I would like to talk with anyone about this.
Specialist Williams- As a former field artilleryman, I understand how hard it is to translate what we do ("blow stuff up") into civilian-speak. First and foremost, have one of your non-military buddies review the resume, or share it with any of us via ACP. We're happy to help with the translation. But in general, and most importantly, you need to remember that even though a skill doesn't seem relevant to civilians, it really can be. For example, in artillery an E4 might be the Number Two man on a howitzer. He preps and fuzes the rounds prior to firing. Not very applicable to, say, Microsoft. But on a resume he can say that he "ensured specific technical requirements were set and performed quality and control checks prior to execution." Or, "critical member of the team responsible for the first phase of the service line, upon which mission success was reliant." It may sound flowery, but everything we did in the army can translate in some way. Just need to get out of the mindset of how it served the army, and into how it could serve the civilian world. Think about what is important to companies- teamwork, quality, on-time delivery, leadership, project management, organization, tech enablement, etc. If you focus your resume bullets in those terms, and fit your skills into them, you should have no problem. Good luck, and if there is a way to connect privately, I'm happy to help further!
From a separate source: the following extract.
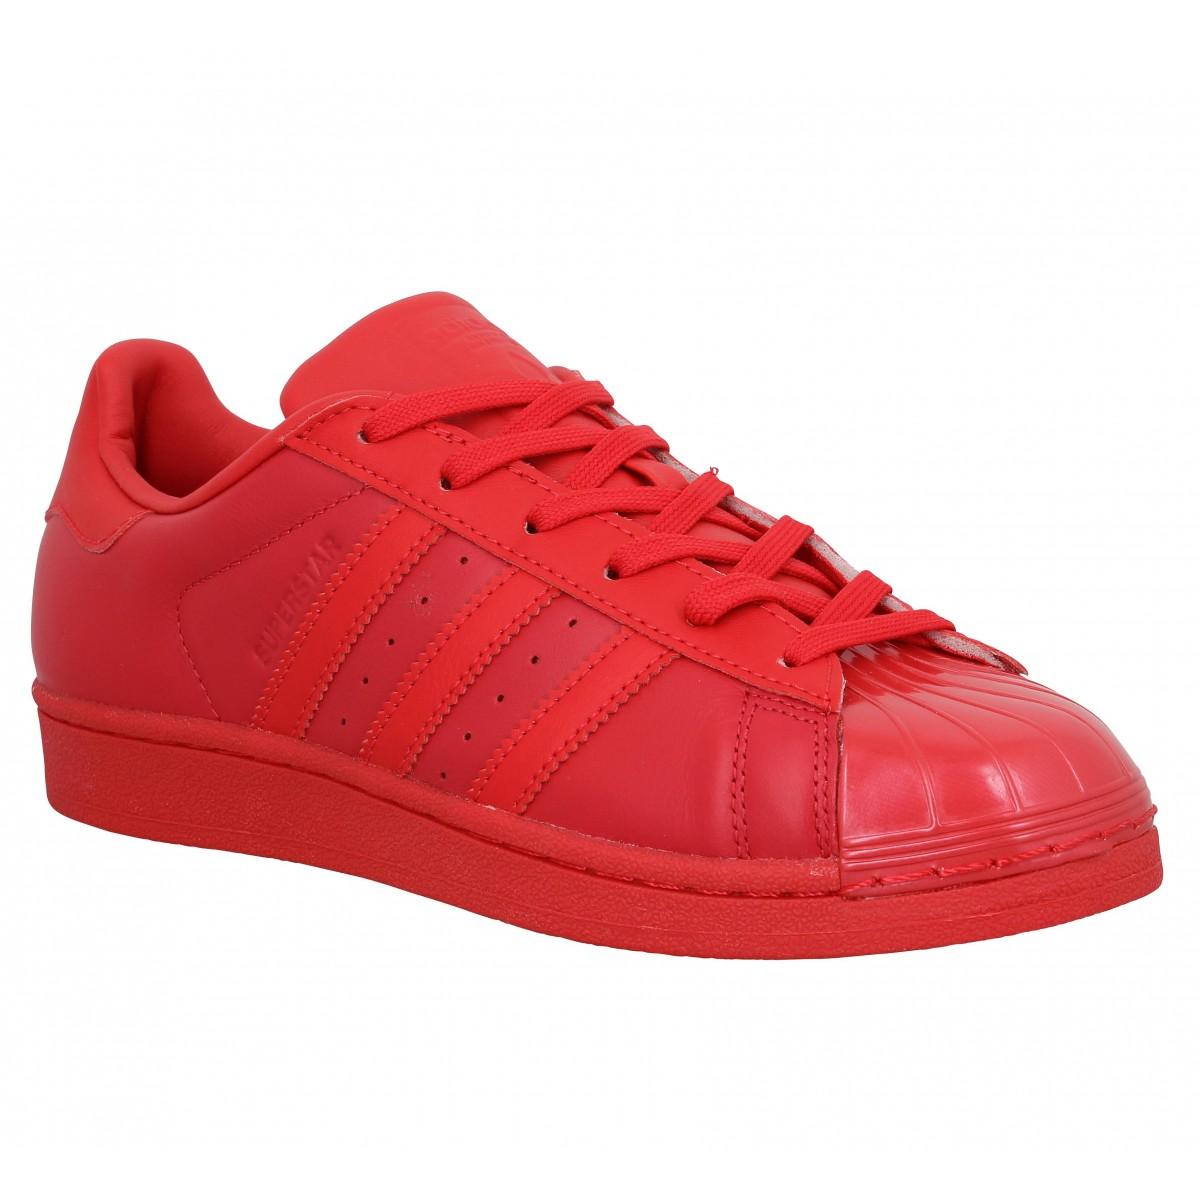 adidas superstar tout rouge
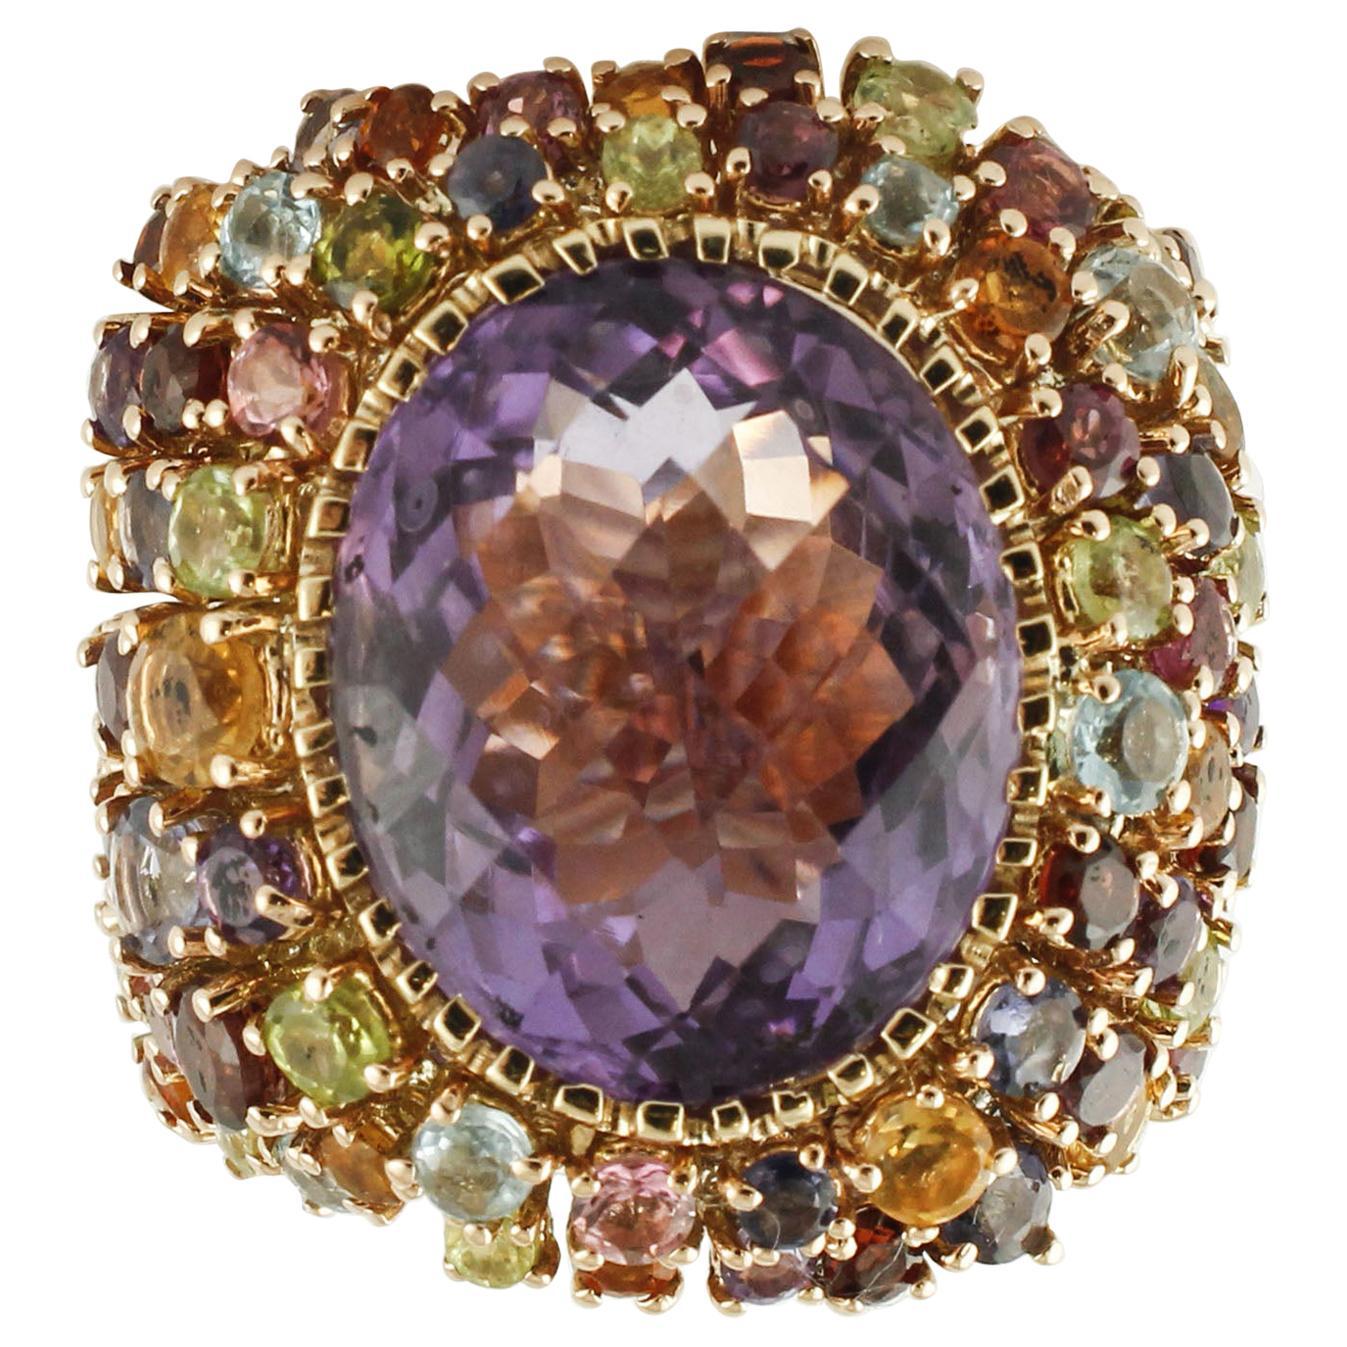 Amethyst, Peridots, Topazes, Tourmaline, Aquamarine, Garnets Yellow Gold Ring

Always willing to help with this -- plus information that I've directed to veterans' issues on 212-careers.com. Could definitely start by reviewing your resume for you. Please send a copy to me.
Specialist Williams -
Of course it would help to answer your question if you would have described your skill set. My advice would be to search the Internet, describing these skills in detail. On paper, focus on how these skills could solve business problems and help companies achieve their objectives.
Sorry I couldn’t be more helpful. Good luck.